Le bannissement de Thomas Becket. Artiste inconnu. Entre 1220 et 1240. Collection Paul Getty.

«N’y aura-t-il personne pour me débarrasser de ce prêtre turbulent?» s’exaspère Henri II d’Angleterre au moment d’ordonner l’assassinat de l’archevêque de Canterbury, Thomas Becket, en 1170. Au fil des âges, les princes et chefs d’État du monde entier ont été tantôt auteurs, tantôt complices d’assassinats, comme l’étudient en statistiques et en détails le grand sociologue de Harvard Pitirim Sorokin et Walter Lunden, dans leur ouvrage majeur intitulé Power and Morality. Parmi leurs principales conclusions, s’observe dans le comportement des groupes au pouvoir une tendance plus criminelle et plus immorale que dans celui des populations gouvernées.

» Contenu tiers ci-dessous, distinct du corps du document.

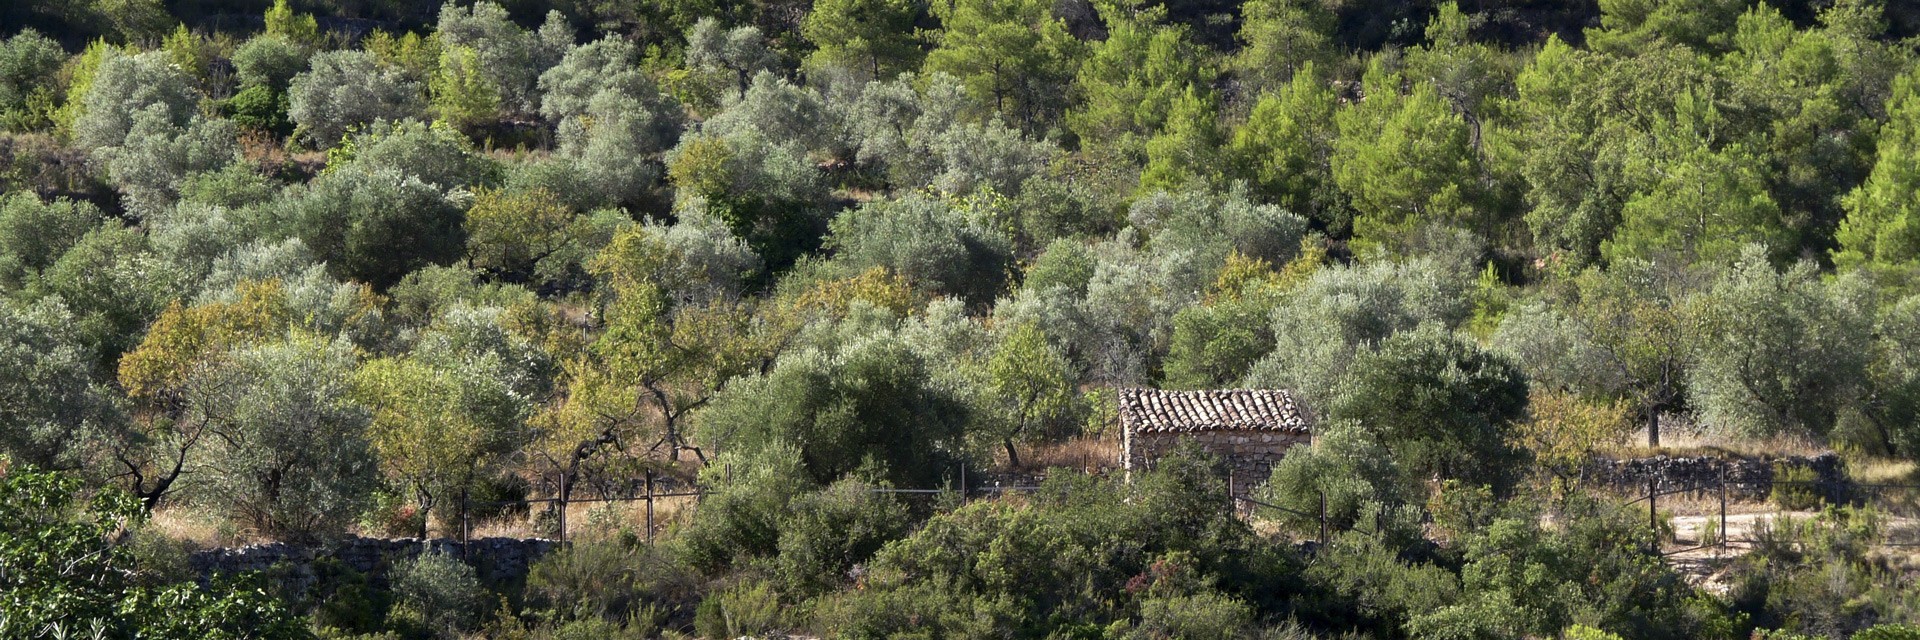 Olivar de muntanya i biodiversitat a Les Garrigues (Lleida)

Le déni plausible constitue un bien précieux pour les dirigeants. Seulement voilà, après le meurtre de Jamal Khashoggi par son propre gouvernement, l’empoisonnement d’anciens espions russes vivant au Royaume-Uni, et les rumeurs selon lesquelles l’ancien patron d’Interpol Meng Hongwei aurait été exécuté en Chine, le voile se lève plus qu’à l’habitude ces derniers temps. À Ryad, Moscou et même Pékin, la classe politique s’affaire pour couvrir ses tendances assassines.

Depuis 1947, la possibilité d’un déni plausible des meurtres
présidentiels se trouve facilitée par l’existence de la CIA.

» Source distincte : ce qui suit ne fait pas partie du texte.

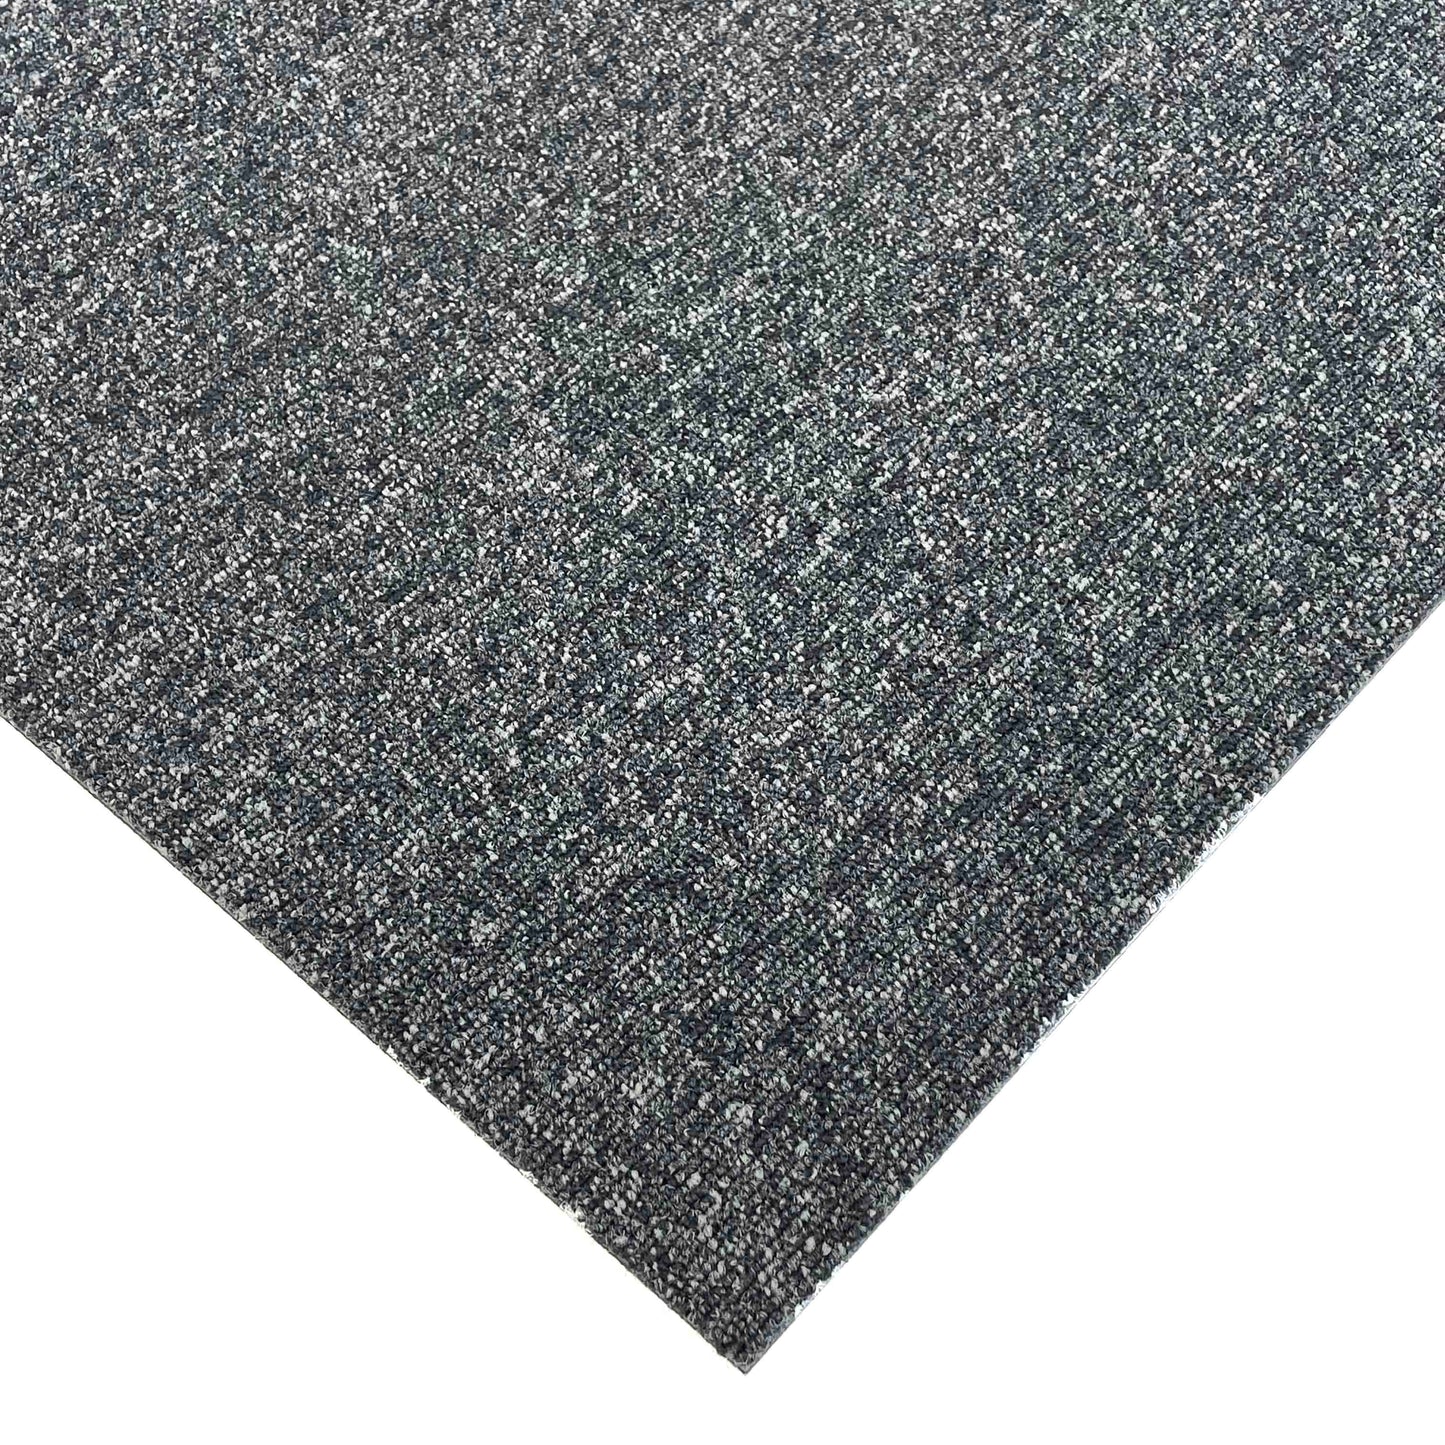 Charcoal Grey Speckled Carpet Tiles

Nul n’a cependant de leçons à donner en la matière. Les présidents américains ont derrière eux une longue histoire meurtrière, ce qui ne perturbe sans doute pas l’actuel occupant de la Maison-Blanche, Donald Trump, dont le prédécesseur favori, Andrew Jackson, fut un imperturbable meurtrier, négrier et épurateur de l’ethnie des Indiens d’Amérique. Pour Harry Truman, le bombardement atomique d’Hiroshima permit d’éviter le coût élevé d’une invasion du Japon. Le second bombardement en revanche, sur Nagasaki, est tout simplement indéfendable, survenu dans un pur effet d’élan bureaucratique: il semblerait que la bombe ait été larguée sans l’ordre explicite de Truman.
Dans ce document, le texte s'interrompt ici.